Book 6, Case 8-AV fistula, uremia Flashcards
Systemic effects of chronic renal failure, and GO!
Electrolyte: Chronic renal failure is commonly associated with metabolic derangements
that include hyperkalemia, hyponatremia, hypocalcemia, hypermagnesemia,
hypoalbuminemia, uric acid accumulation, and metabolic acidosis.
CV: Long standing metabolic
abnormalities can result in multiple systemic effects such as peripheral and autonomic
neuropathy, cardiac arrhythmias, conduction blocks, accelerated atherosclerosis (hypertension
also contributes), and uremic pericarditis.

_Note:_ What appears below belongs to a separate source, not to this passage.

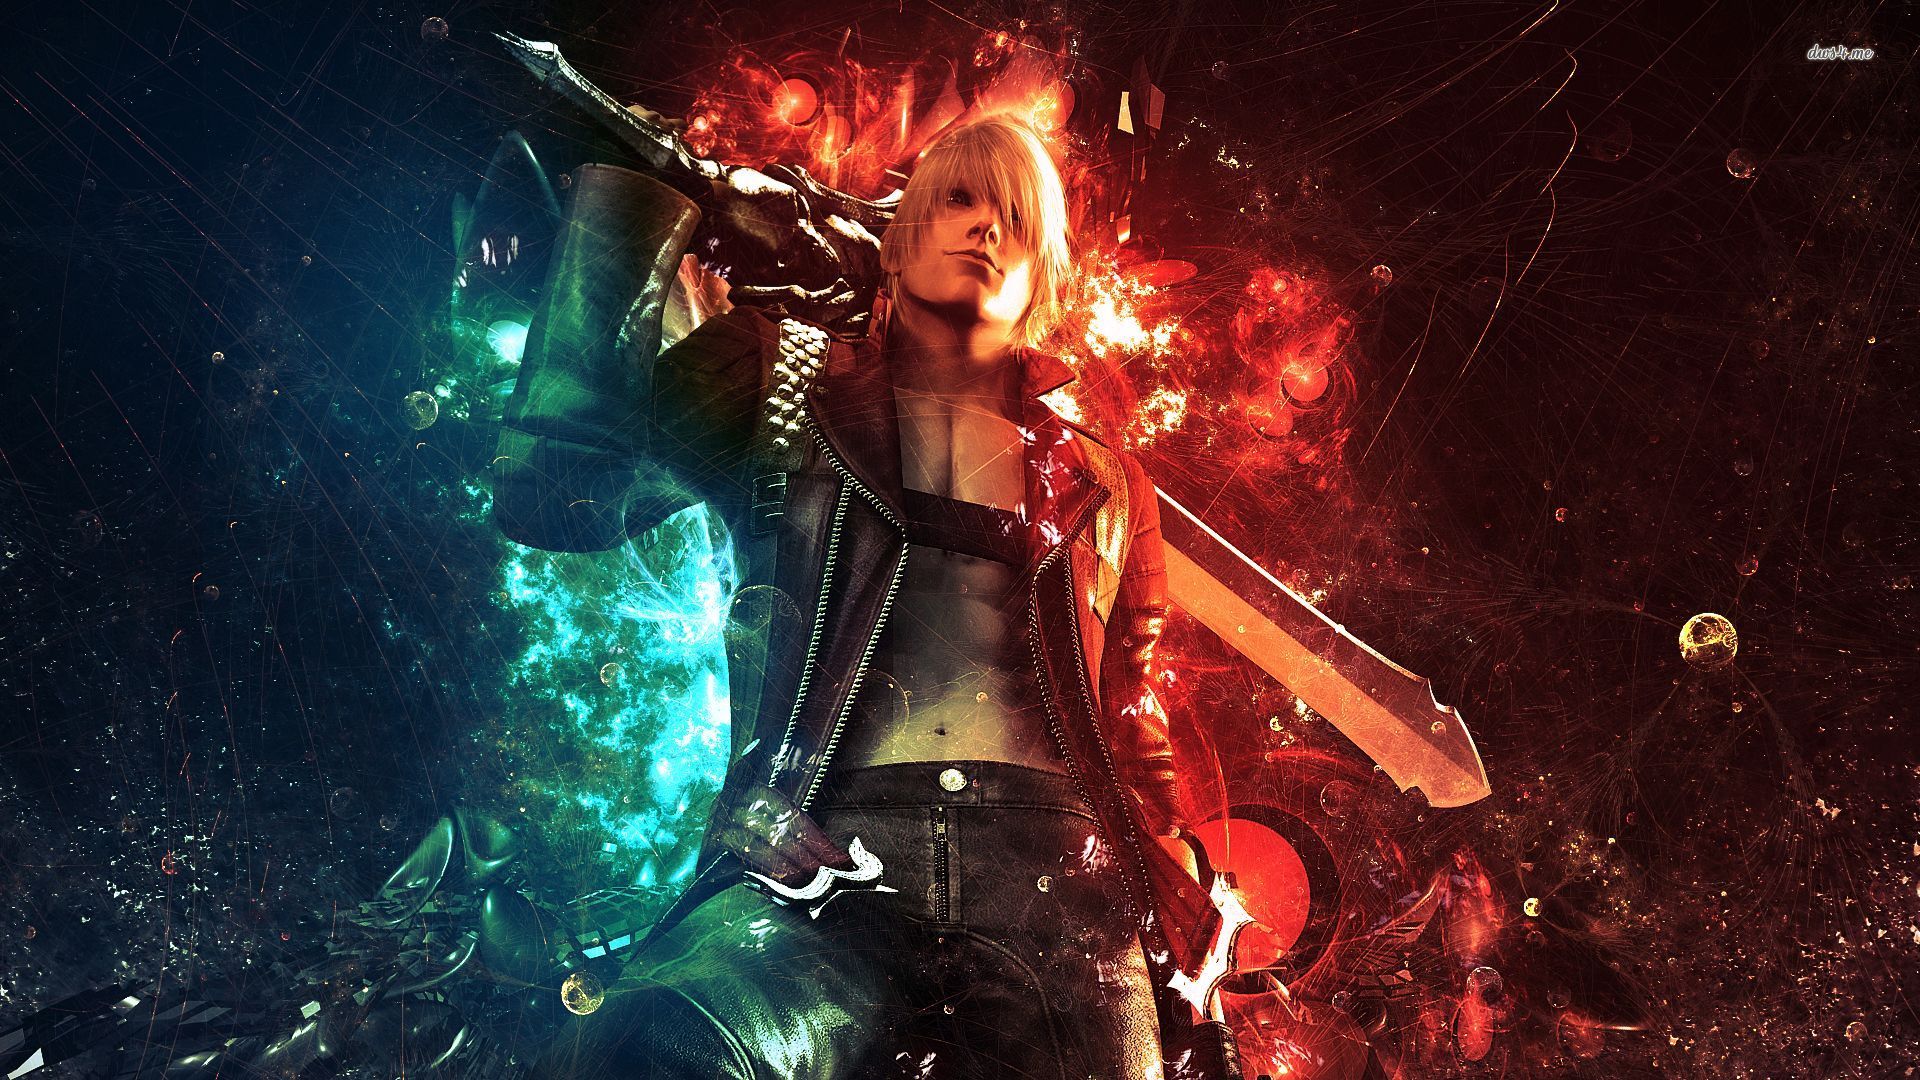 6426 devil may cry 3 dante 1920x1080 game wallpaper Evil Wallpapers HD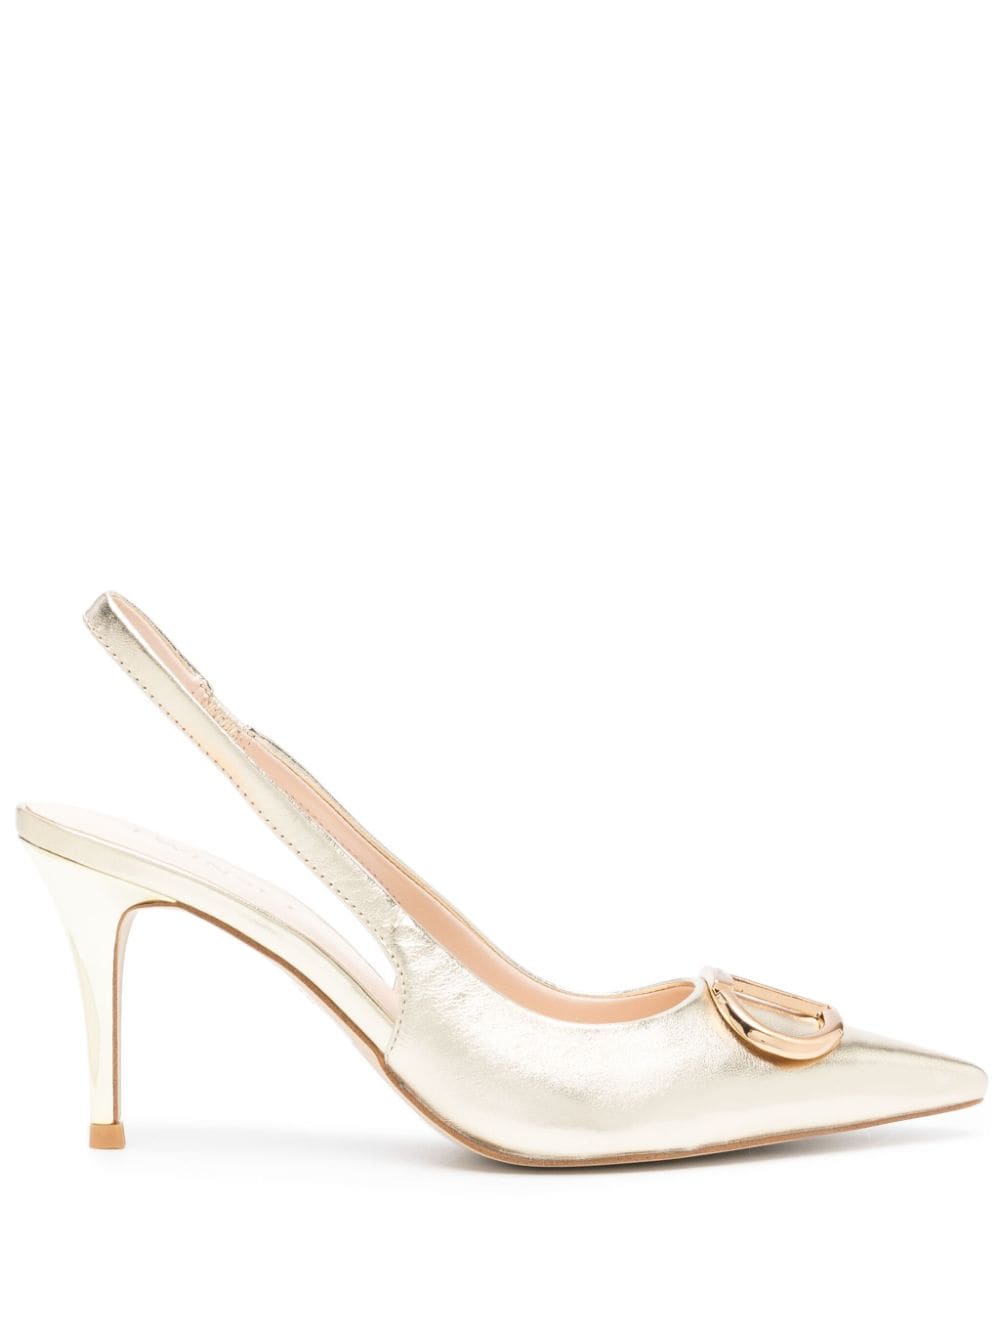 TWINSET Oval T 80mm metallic leather pumps - Gold von TWINSET

Renal retention of sodium and water combined with activation of the renin-angiotensin-aldosterone system often leads to hypertension, with
subsequent left ventricular hypertrophy, congestive heart failure (secondary to HTN, fluid
overload, anemia, and metabolic acidosis), coronary artery disease (disordered fat and
glucose metabolism contributes)
Neuro: metabolic abnormalities can result in seizures, uremic encephalopathy,
GI: anorexia, delayed gastric emptying,
Endo: insulin
resistance
Pulmonary: Increased alveolar capillary
permeability and volume overload may lead to pulmonary edema and restrictive pulmonary
dysfunction.
Insufficient renal production of
erythropoietin, bone marrow suppression, gastrointestinal bleeding, hemodilution, and
chronic infection leads to anemia when the GFR decreased to< 30 mL/min. Finally,
impaired platelet function may lead to bleeding, despite a normal platelet count, PT, and
PTT.
Work up you want on a renal pt?
CBC BMP CXR to r/o pulmonary edema TTE if available-wouldn't delay case for it EKG Coags if we're doing a block
Is ordering a serum sodium level necessary?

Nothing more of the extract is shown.